Al parecer, los temores de los usuarios del canal IRC que nos ocupa estaban bien fundados, pero al contrario de lo que ellos esperaban, el aparato censor no vendrá impuesto por el magnate Donald Trump, sino por la administración presidida por Barak Hussein Obama. De acuerdo a un artículo escrito por Tyler Durden, el Acta de Contrainformación de Guerra aprobada silenciosamente por el Senado representa un dramático retorno a los métodos propagandísticos de la Guerra Fría. Este acta está concebida para “ayudar a Estados Unidos y a sus aliados a combatir la propaganda de países ajenos, como Rusia, China y otros”. Los proponentes de este acta afirman que su necesidad nace del hecho de que, actualmente, no existe ninguna agencia gubernamental que se ocupe de combatir las falsedades y desinformaciones emitidas por potencias extranjeras.

Tyler afirma que, en definitiva, lo que el Acta de Contrainformación de Guerra hace no es más que permitirle al Gobierno suprimir cualquier medio de comunicación que esté emitiendo “propaganda” incómoda, y proporcionar grandes sumas de dinero a equipos “contrapropagandísticos” destinados a proclamar las verdades aprobadas por el Tío Sam.

La Constitución es Estados Unidos contiene una enmienda, concretamente la primera, cuyo propósito es garantizar la libertad de expresión de los ciudadanos estadounidenses, lo que en teoría debería proporcionar a estos una cierta protección en caso de ser acusados de publicar “propaganda”. Sin embargo, esta enmienda no puede proteger a un sitio web alojado en Japón de ser bloqueado por un hipotético equipo censor.
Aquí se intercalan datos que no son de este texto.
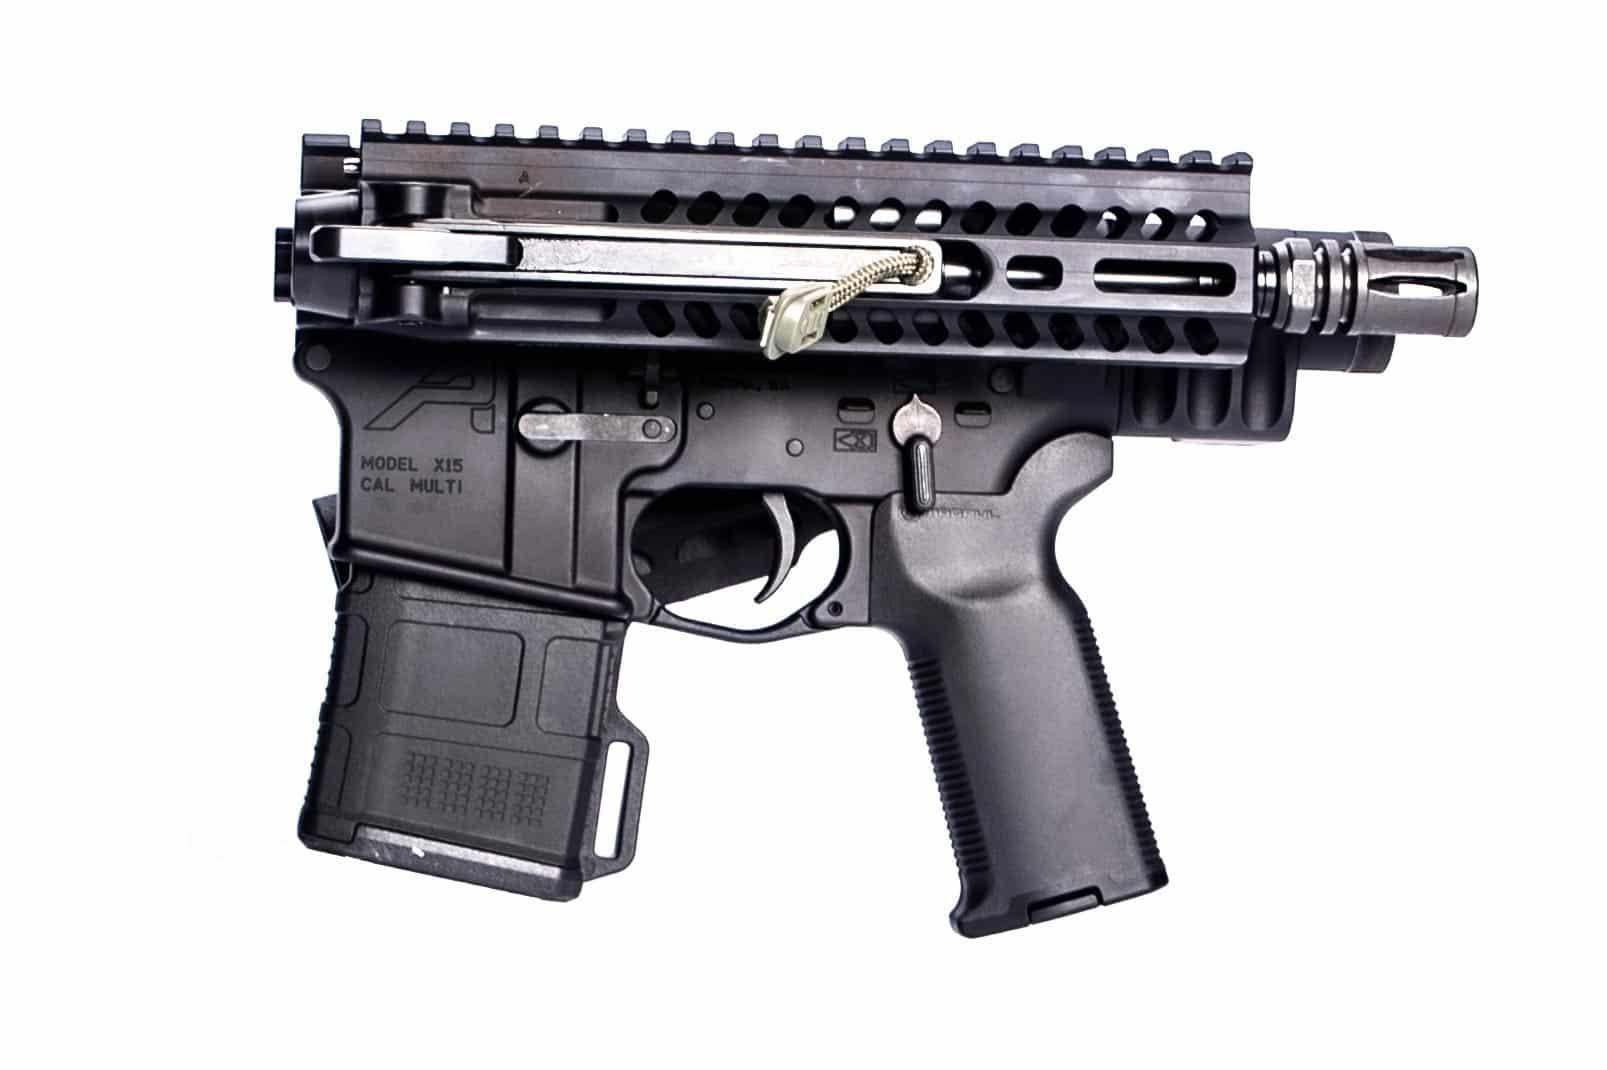 "FOLDAR FOLDING AR15 UPPER 9"" .223 WYLDE BARREL WITH FOLDAR PISTOL BRACE AND DEAD FOOT ARMS MCS SYSTEM"

Es de presuponer que los sitios web desde los que más habitualmente se difunden documentos filtrados por confidentes anónimos (como Wikileaks), y que se utilizan para exponer los abusos y la corrupción de los miembres del gobierno y otras potencias poderosas, sean blancos fáciles una vez este acta sea firmada por Obama.

Este triste capítulo de la historia de la opresión digital no deja de ser un grave recordatorio de algo que la gente siempre tiende a olvidar. Las amenazas contra la libertad se producen desde ambos lados del espectro político. El presidente Republicano George Bush Jr. ya firmó en su momento el Acta Patriota que, entre otras cosas, condena duramente a quienes difunden información sobre los abusos perpetrados por el Estado (caso de Edward Snowden).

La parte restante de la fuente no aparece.